Depois das últimas orações, todos dormiam.
Todos, menos eu. Queria andar no telhado. Adorava subir lá.
Por que não? Até vovô subia para comer cenouras.
Sobre o telhado, tinha a lua. O ar azul. E minhas estrelas.
Sobre o telhado, podia sonhar e fantasiar, imaginar o que faria quando crescesse.
Certamente, não seria trabalhador braçal como papai, que passava os dias
transportando pesados barris de arenque. Muito menos açougueiro como vovô,
ou barbeiro como tio Zoussy. Não.
Sonhava com um futuro luminoso... Sonhava em ser famoso.

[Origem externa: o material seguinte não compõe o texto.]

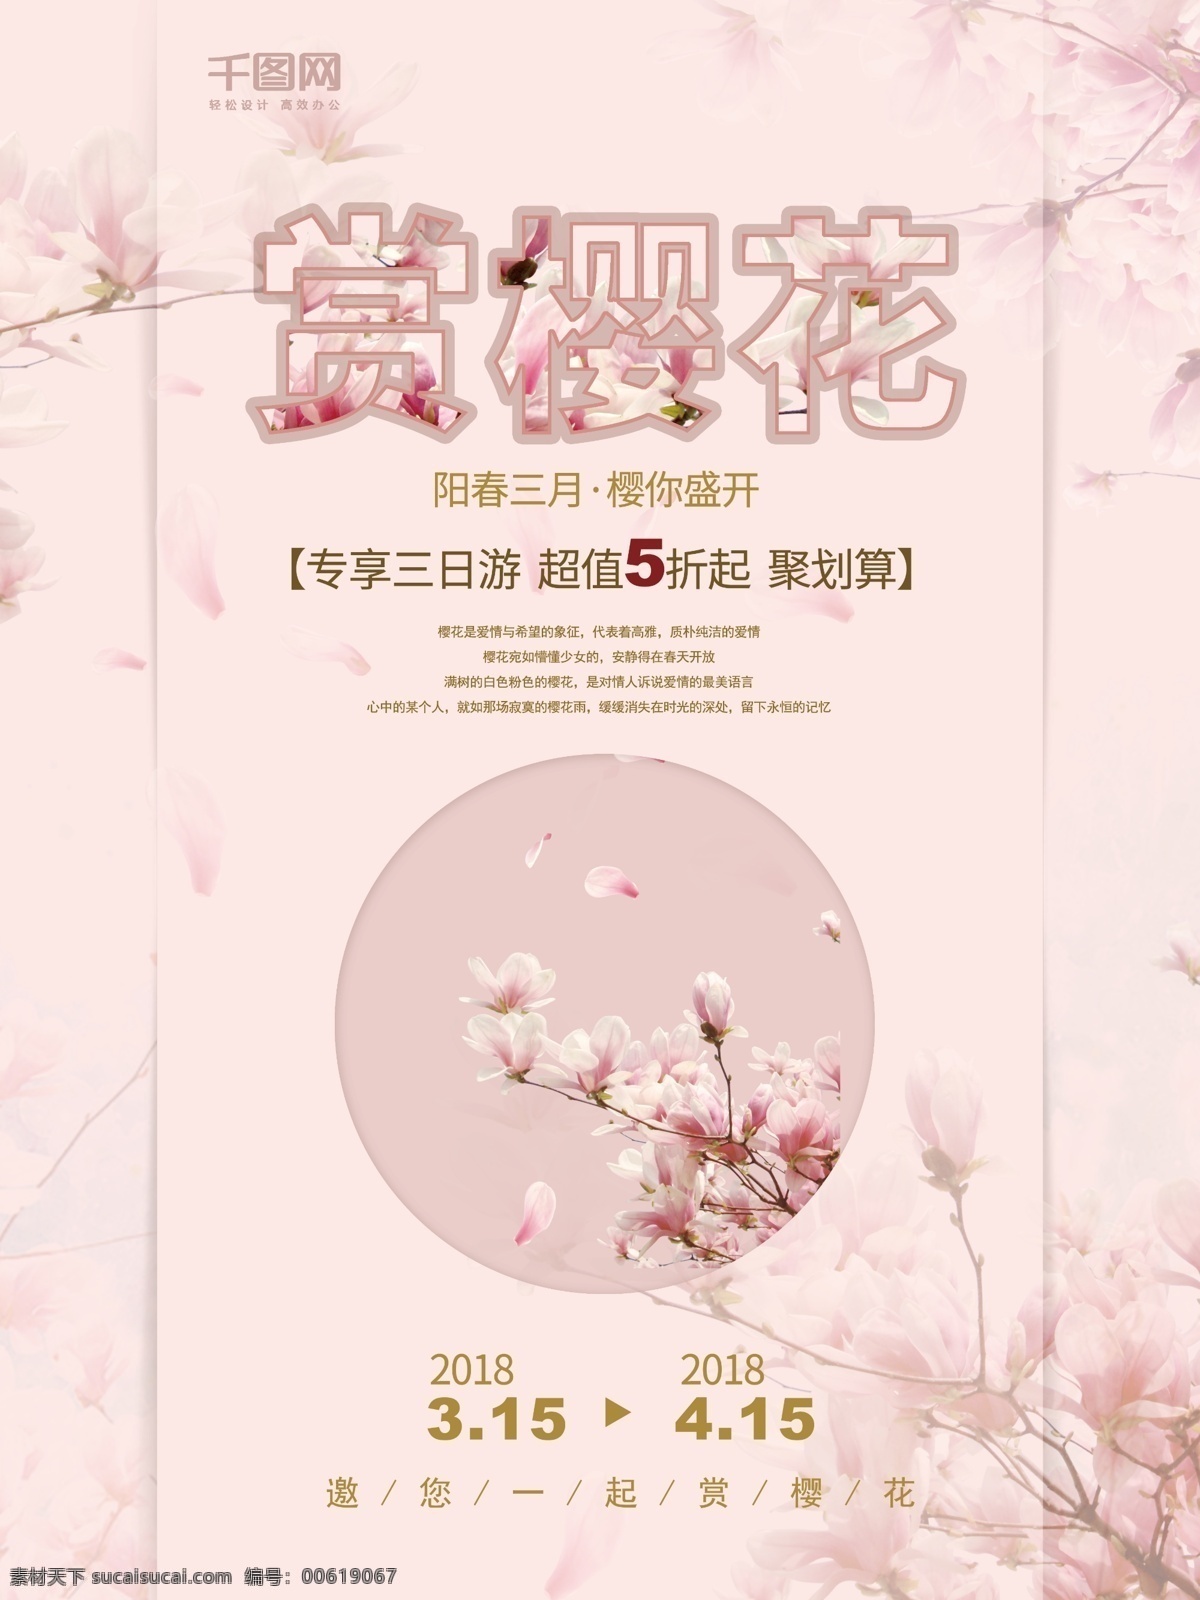 粉红色 清新 赏 樱花 旅游 海报 小清新 旅游海报 宣传海报 促销海报 樱花季

Eu tinha uma bela voz e me tornei cantor ajudante na sinagoga.
“É isso”, pensava, “serei cantor. Vou entrar no conservatório!”.
Eu tinha aprendido a tocar alguma coisa no violino.
“É isso”, pensava, “serei violinista. Vou entrar no conservatório”.
Os parentes me convidavam para dançar com minha irmã.
“É isso”, pensava, “serei bailarino, vou entrar...” não sabia onde.
Aquelas fantasias me faziam feliz.
Era como voar sobre Vitebsk, sobre a Rússia inteira.